If we use the term “trammelling” more like its usual use (as I understand it based on my barely-extant exposure), then it sounds like the proposal in the post just frontloads all the trammelling—i.e. it happens immediately at timestep zero.
Application to Shutdown/Corrigibility
Another angle: suppose I’m working on the shutdown problem. As of now, I don’t know how to solve that problem even given a way to stabilize incomplete preferences, so I may just be missing something. That said, I can kinda vaguely pattern-match the setup in this post to the problem: I want to have one “permissible” choice which involves the shutdown button not being pressed, and another “permissible” choice which involves the button being pressed, and I want these two choices to be incomparable to the agent. Now (my mental model of) the DSM rule says: when the agent is turned on, it somehow chooses between (two plans leading to) those two options, and from then on out acts as though it has complete preferences consistent with the choice—i.e. it either (follows a plan which) makes sure the button is pressed, or (follows a plan which) makes sure the button is not pressed, and actively prevents operators from changing it. Which sounds like not-at-all what I wanted for the shutdown problem!

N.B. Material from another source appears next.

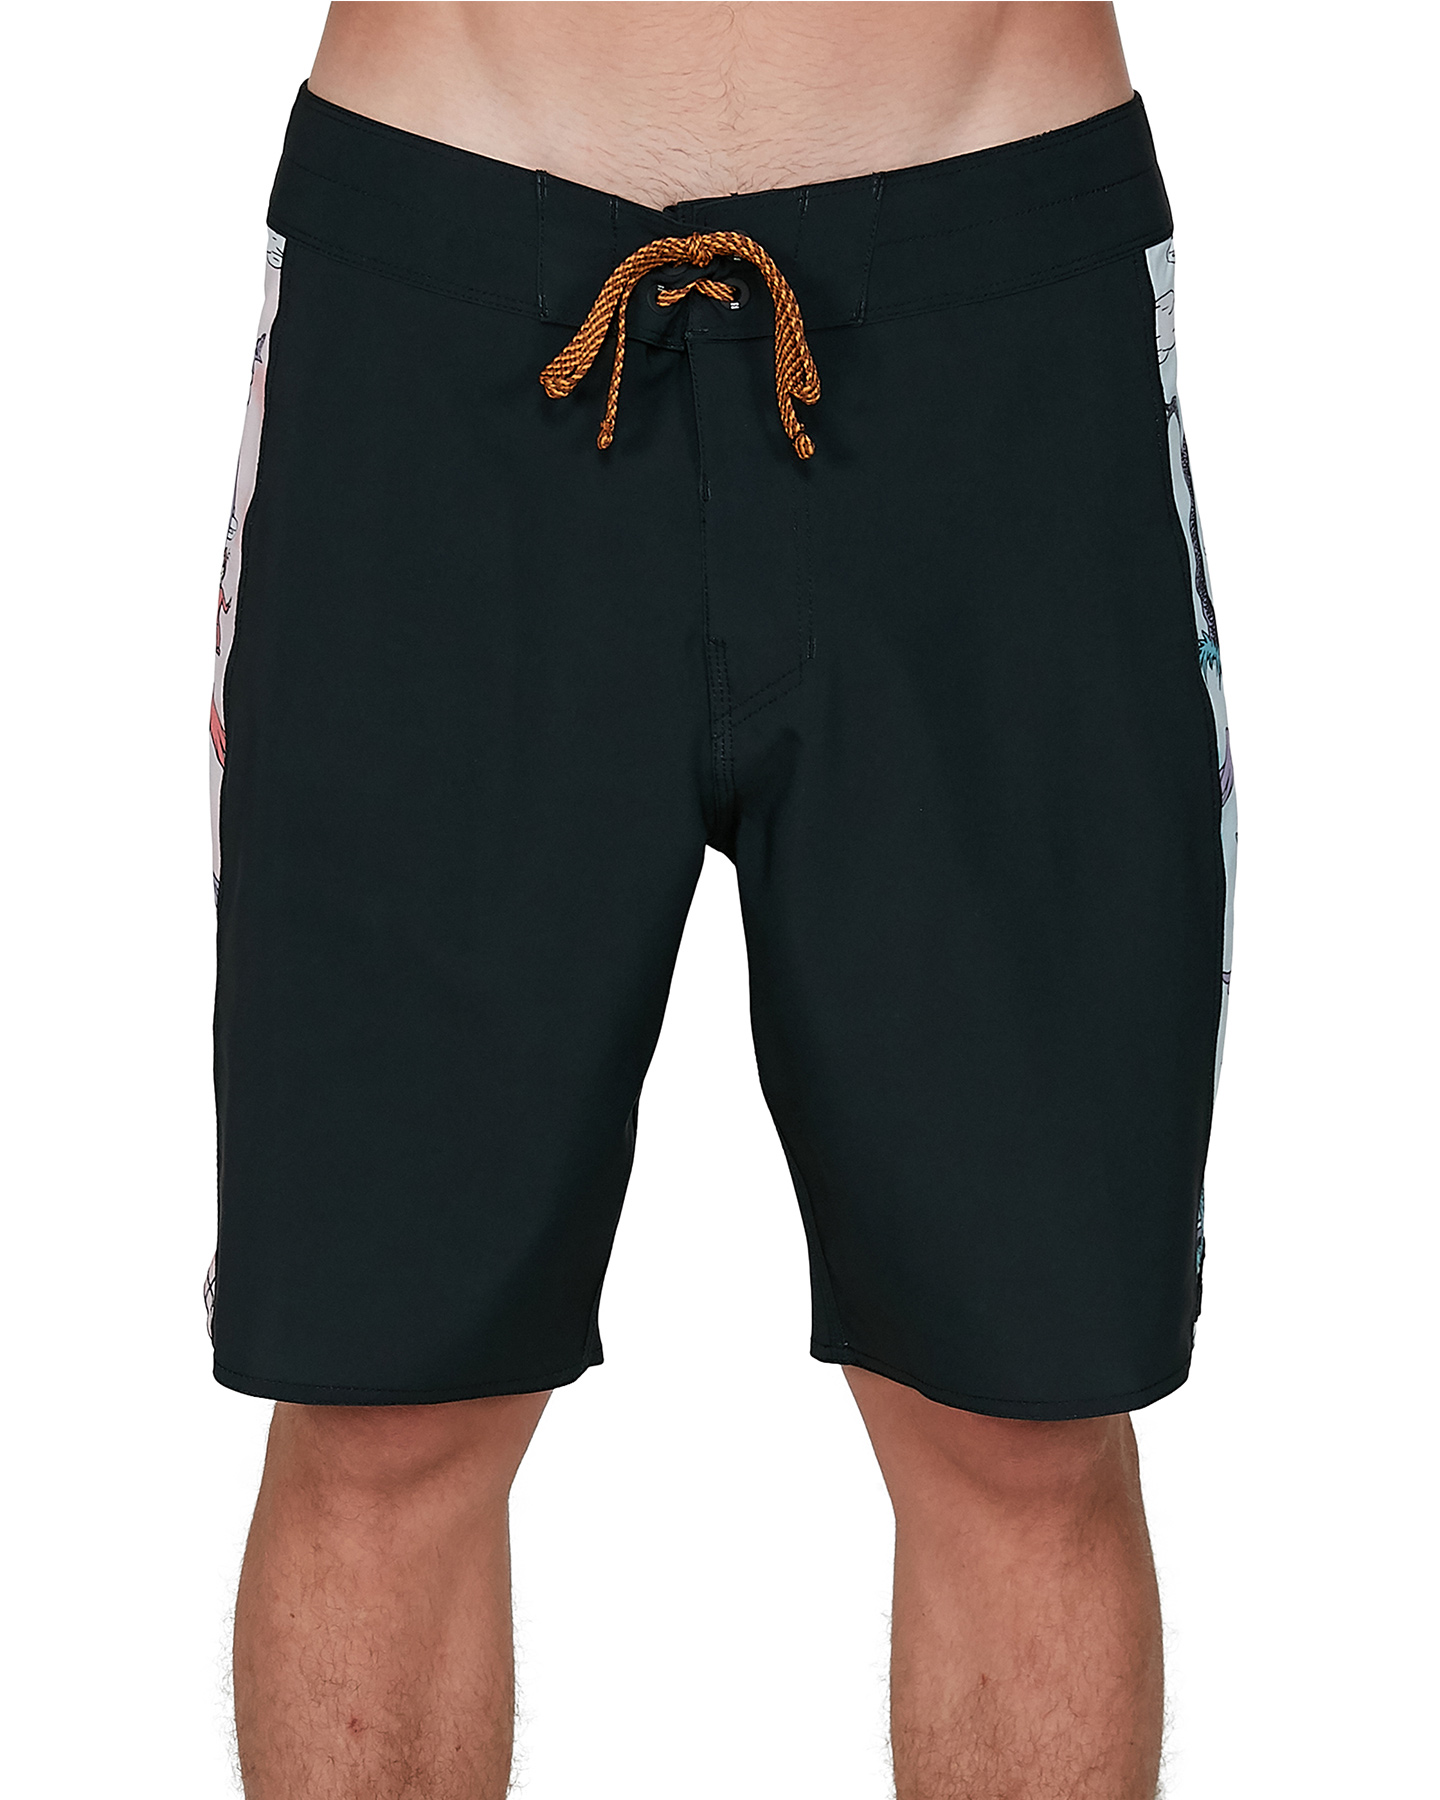 Billabong All The Places Dbah Boardshorts - Black | SurfStitch

So, it seems like for applications to corrigibility, ex-post behavioral trajectories are the thing I care about, not ex-ante “permissibility” of plans. Though again, I don’t actually know how to use incomplete preferences to solve shutdown/corrigibility, so maybe I’m just not thinking about it right.
This is a tricky topic to think about because it’s not obvious how trammelling could be a worry for Thornley’s Incomplete Preference Proposal. I think the most important thing to clarify is why care about ex-ante permissibility. I’ll try to describe that first (this should help with my responses to downstream concerns).
Big picture
Getting terminology out of the way: words like “permissibility” and “mandatory” are shorthand for rankings of prospects. A prospect is permissible iff it’s in a choice set, e.g. by satisfying DSM. It’s mandatory iff it’s the sole element of a choice set.
To see why ex-ante permissibility matters, note that it’s essentially a test to see which prospects the agent is either indifferent between or has a preferential gap between (and are not ranked below anything else). When you can improve a permissible prospect along some dimension and yet retain the same set of permissible prospects, for example, you necessarily have a preferential gap between those remaining prospects. In short, ex-ante permissibility tells you which prospects the agent doesn’t mind picking between.
The part of the Incomplete Preference Proposal that carries much of the weight is the Timestep Near-Dominance (TND) principle for choice under uncertainty. One thing it does, roughly, is require that the agent does not mind shifting probability mass between trajectories in which the shutdown time differs. And this is where incompleteness comes in. You need preferential gaps between trajectories that differ in shutdown time for this to hold in general. If the agent had complete preferences over trajectories, it would have strict preferences between at least some trajectories that differ in shutdown time, giving it reason to shift probability mass by manipulating the button.
Why TND helps get you shutdownability is described in Thornley’s proposal, so I’ll refer to his description and take that as a given here. So, roughly, we’re using TND to get shutdownability, and we’re using incompleteness to get TND. The reason incompleteness helps is that we want to maintain indifference to shifting probability mass between certain trajectories. And that is why we care about ex-ante permissibility. We need the agent, when contemplating manipulating the button, not to want to shift probability mass in that direction. That’ll help give us TND. The rest of Thornley’s proposal includes further conditions on the agent such that it will in fact, ex-post, not manipulate the button. But the reason for the focus on ex-ante permissibility here is TND.
Miscellany
The description above should help clear up why we care about multiple options being permissible and none mandatory: to help satisfy TND. What’s “actually chosen” in my framework doesn’t neatly connect to the Thornley proposal since he adds extra scaffolding to the agent to determine how it should act. But that’s a separate issue.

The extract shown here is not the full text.